Results Data analysis indicated that the PN and HF scenarios were significantly more demanding than the UTI scenario for participants using WebCIS ( P < .01), and that the PN scenario was significantly more demanding than the UTI and HF scenarios for participants using Epic ( P < .01). In both experiments, the regression analysis indicated a significant relationship only between task demands and performance ( P < .01).
Discussion Results suggest that task demands as experienced by participants are related to participants' performance. Future work may support the notion that task demands could be used as a quality metric that is likely representative of performance, and perhaps patient outcomes.
Conclusion The present study is a reasonable next step in a systematic assessment of how task demands and workload are related to performance in EMR-evolving environments.

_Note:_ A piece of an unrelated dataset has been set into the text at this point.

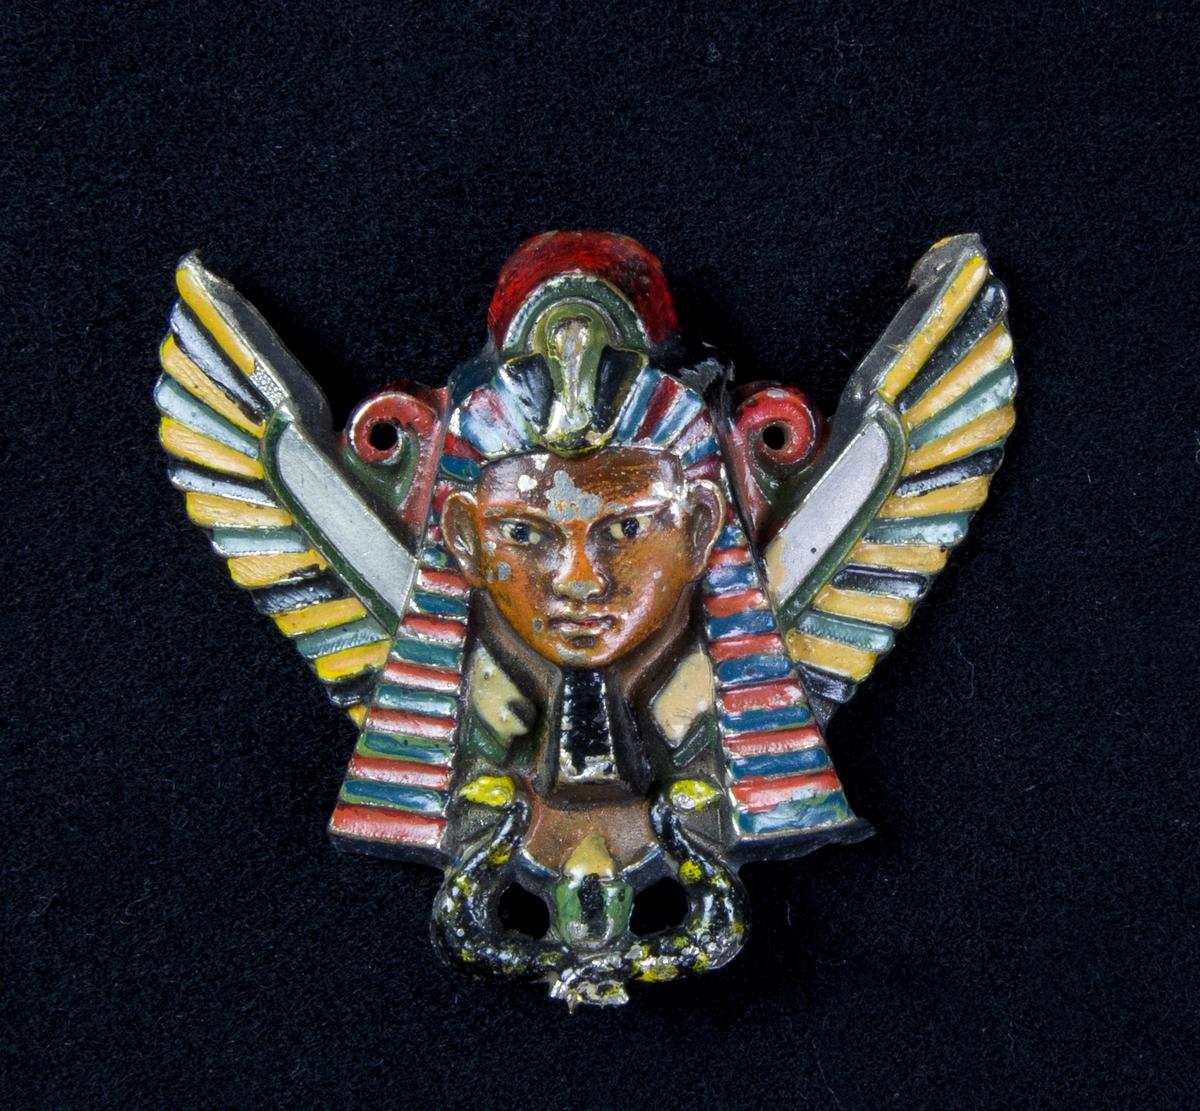 Beslag av vitmetall i egyptisk stil i form av en farao, fågel med utbredda vingar och två ormar i rött, grönt och gult. Två hål att fästa på klädesplagg.

Keywords: task demands, workload, performance, NASA-TLX, errors, EMR
BACKGROUND AND SIGNIFICANCE
There is increasing reliance on health information technology systems to perform clinical work. As part of their daily workflow, providers are required to interact continually with multiple, sometimes disparate, computer-based systems (eg, electronic medical records [EMRs], computerized physician order entry, image repositories, directories for paging, and the diverse informational offerings of the Internet) while providing care to patients, talking to family, or working with staff. There is no question that features of these computer-based systems afford unparalleled opportunities for improved patient care (eg, more ready access to patient-specific information, data integration, decision support, etc.) and thus have been vigorously embraced, explaining their near-universal implementation in provider health systems. 1–7
Nevertheless, the suboptimal levels of adoption and integration of health information technology in US hospitals, and the need for providers to interact with multiple computer-based systems, also raise serious challenges that can hinder quality care. 8,9 The unintended consequences include temporal productivity losses, 10 and increased rates of information processing errors 11–14 and catastrophic errors. 15–18 These studies are concerning and suggest that thoughtful systems design is required for effective electronic health records system implementation, incorporating only key safety- and quality-enhancing features while minimizing additional workload placed on providers.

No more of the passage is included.